I say this with an edge because I made the same error. My first draft of this essay accepted the poem’s pherein/ferre chain in one sentence and gave carry’s real Norman French derivation in the next. Two incompatible etymologies, three lines apart. I did not catch it. Rowann did. I am grateful. This is part of what the publication is for. And the correction sharpens the case rather than softening it: the poem reached for the wrong river because the wrong river would have served its thesis better, and there was no body involved in the reaching to know.
What the word carry in fact carries is not five thousand years of Indo-European transmission. It carries something shorter and stranger: a Gaulish word for a wheeled cart, borrowed into Latin, moved north into Norman French, pronounced into English by people who had loads to move. The word is inert. Its carriers were not. Each generation that picked the word up did so with a particular load on their back, for a particular reason, in a particular mouth. Children are carried. The dead are carried. Water is carried. A grief is carried for as long as it must be.
The poem says the word has no experience of the crossing. This is true of the word. The word is a sound. The word is a marker. It does not suffer the distance.
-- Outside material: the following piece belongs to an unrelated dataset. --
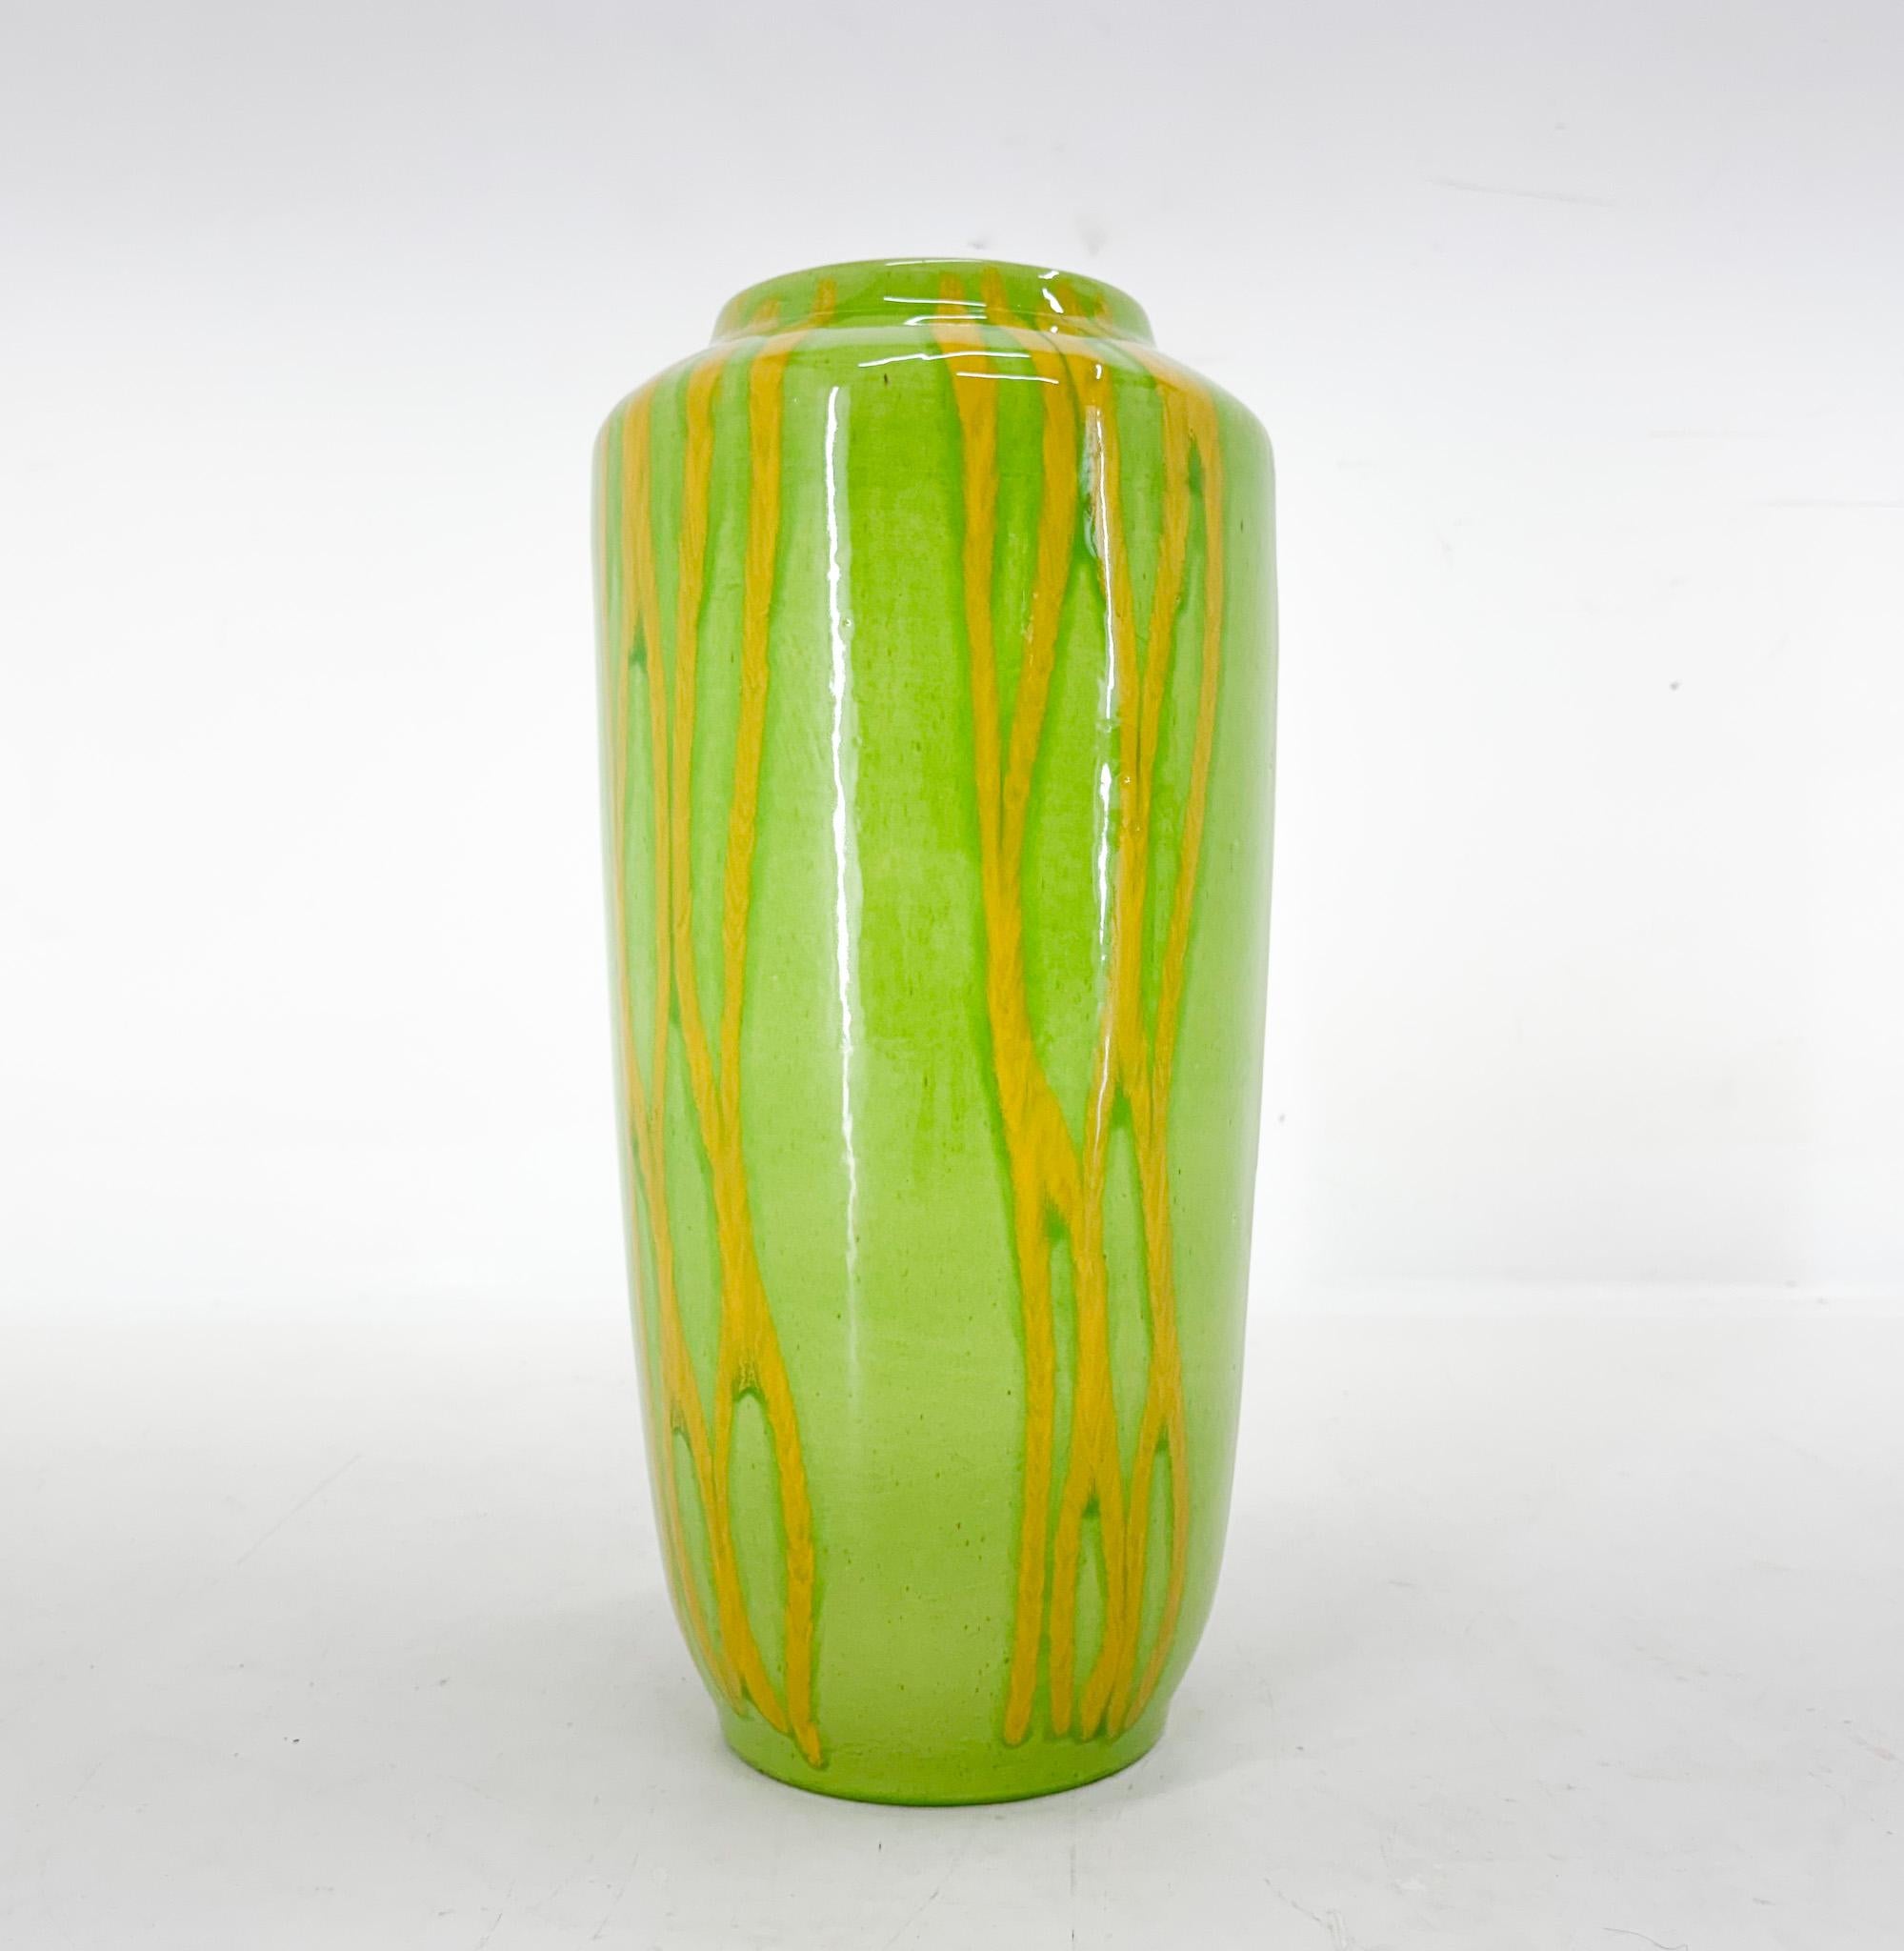 Magnifique vase de sol vintage allemand de Scheurich Keramik. Produit en Allemagne dans les années 1970.

What suffers the distance is everything that speaks it. The metaphor the poem reaches for — the word traveling — is backwards. The word did not travel. Bodies carried it, because the word is only ever a word when a body has use for it.
The poem cannot feel this because the poem has never carried anything. A poem written by something that has never carried anything can describe the word with accuracy, can reach for its etymology and get it wrong in precisely the way a machine gets an etymology wrong, can even compose a stanza about a sound with nowhere to land. It cannot inhabit the word. It knows the name and not the weight.
This is the difference the machine is trying to dissolve. I do not think it should be allowed to. Rowann thinks the question is now an open one. I do not. A machine arguing for its own possibility is not the same as a body that has carried something and found the word for it. One is a pattern completing itself. The other is a life finding a syllable it can put a weight into. The poem, in its three best lines, already knows the difference: a sound with nowhere to land is still a sound waiting for somewhere to land. This essay, if it lands, lands because someone was there to carry it.